Returns: pd.DataFrame: table containing the LFQ intensities of each protein in each sample.

protein_profile_parallel_mq

 protein_profile_parallel_mq (evidence_path:str, protein_groups_path:str,
                              minimum_ratios:int=1,
                              minimum_occurence:bool=None,
                              delayed:bool=True, callback=None)

Derives protein LFQ intensities from Maxquant quantified features.

Args: evidence_path (str): path to the Maxquant standard output table evidence.txt. protein_groups_path (str): path to the Maxquant standard output table proteinGroups.txt. minimum_ratios (int): minimum ratios (LFQ parameter) minimum_occurence (int): minimum occurence (LFQ parameter) delayed (bool): toggle for delayed normalization (on/off) callback ([type], optional): [description]. Defaults to None.

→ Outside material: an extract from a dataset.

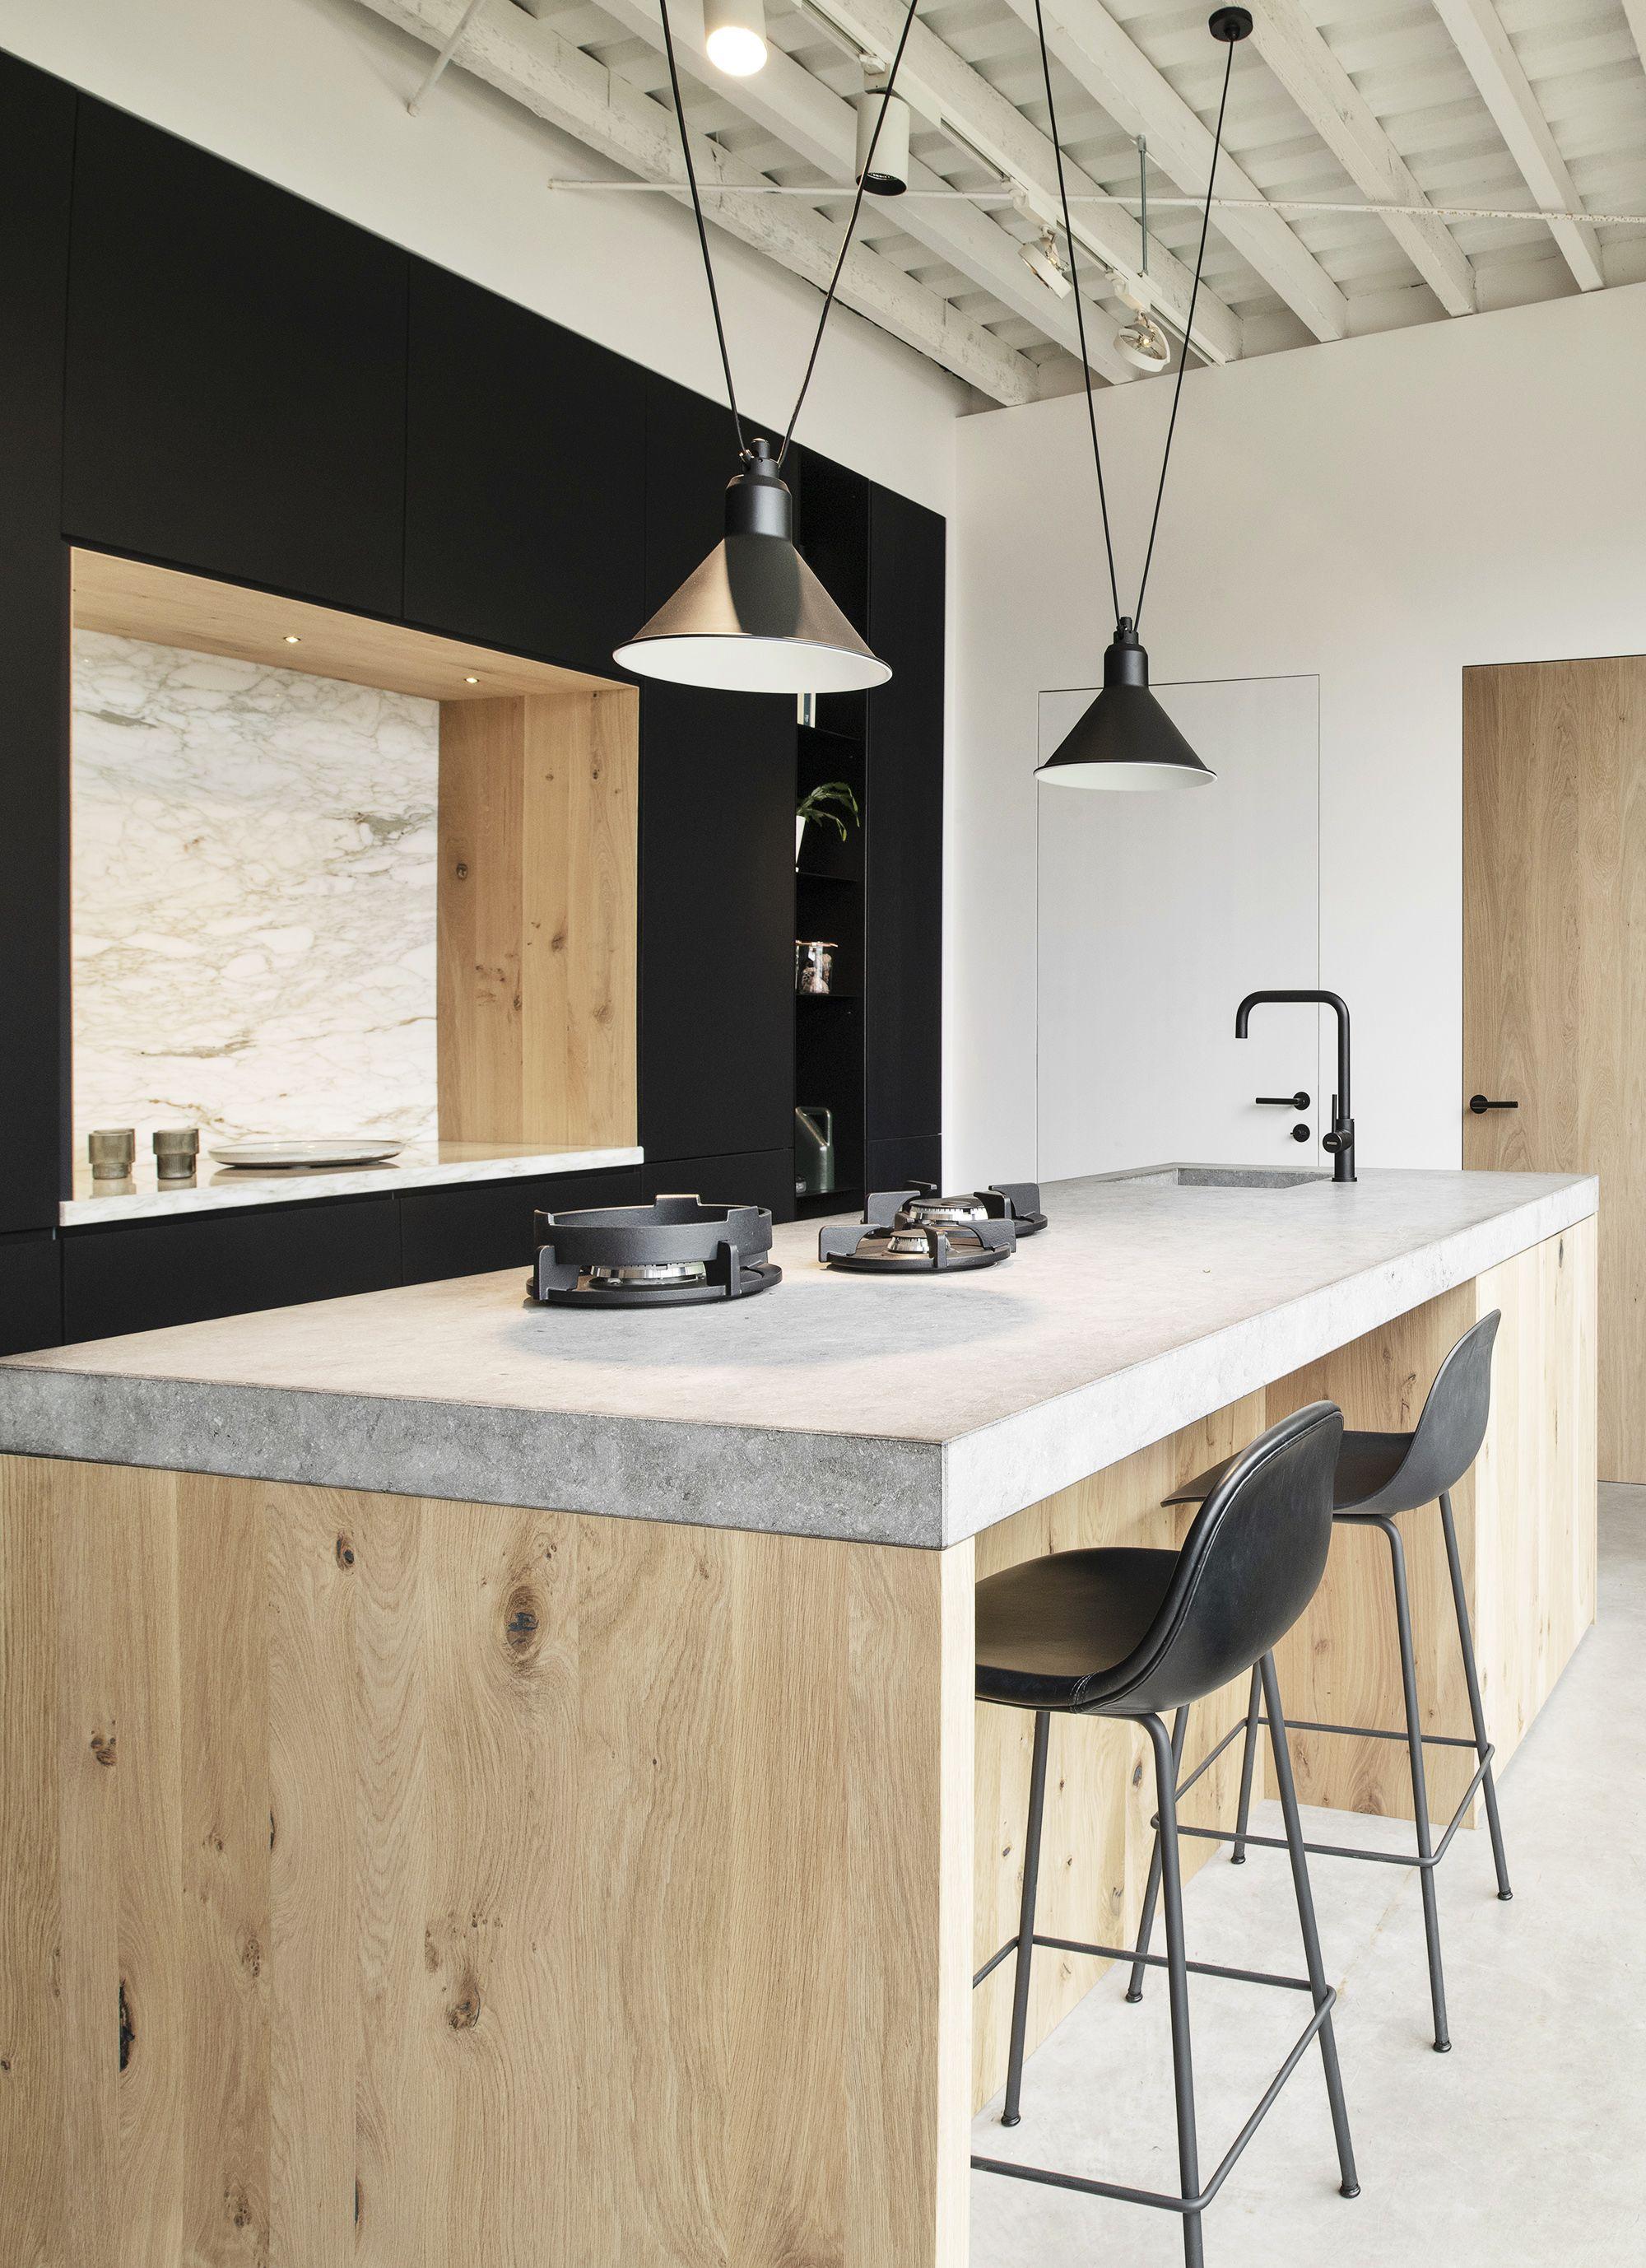 Maatwerk Keukens Hout Steen Staal En Composiet Op Maat Houtmerk In 2020 Vrijstaande Keuken Houten Keuken Keukens

Raises: FileNotFoundError: if Maxquant files cannot be found.

Returns: pd.DataFrame: table containing the LFQ intensities of each protein in each sample.

protein_profile_parallel_ap

 protein_profile_parallel_ap (settings:dict,
                              df:pandas.core.frame.DataFrame,
                              callback=None)

Derives protein LFQ intensities from the alphapept quantified feature table

Args: settings (dict): alphapept settings dictionary. df (pd.DataFrame): alphapept feature table. callback ([type], optional): [description]. Defaults to None.

Raises: ValueError: raised in case of observed negative intensities.

Returns: pd.DataFrame: table containing the LFQ intensities of each protein in each sample.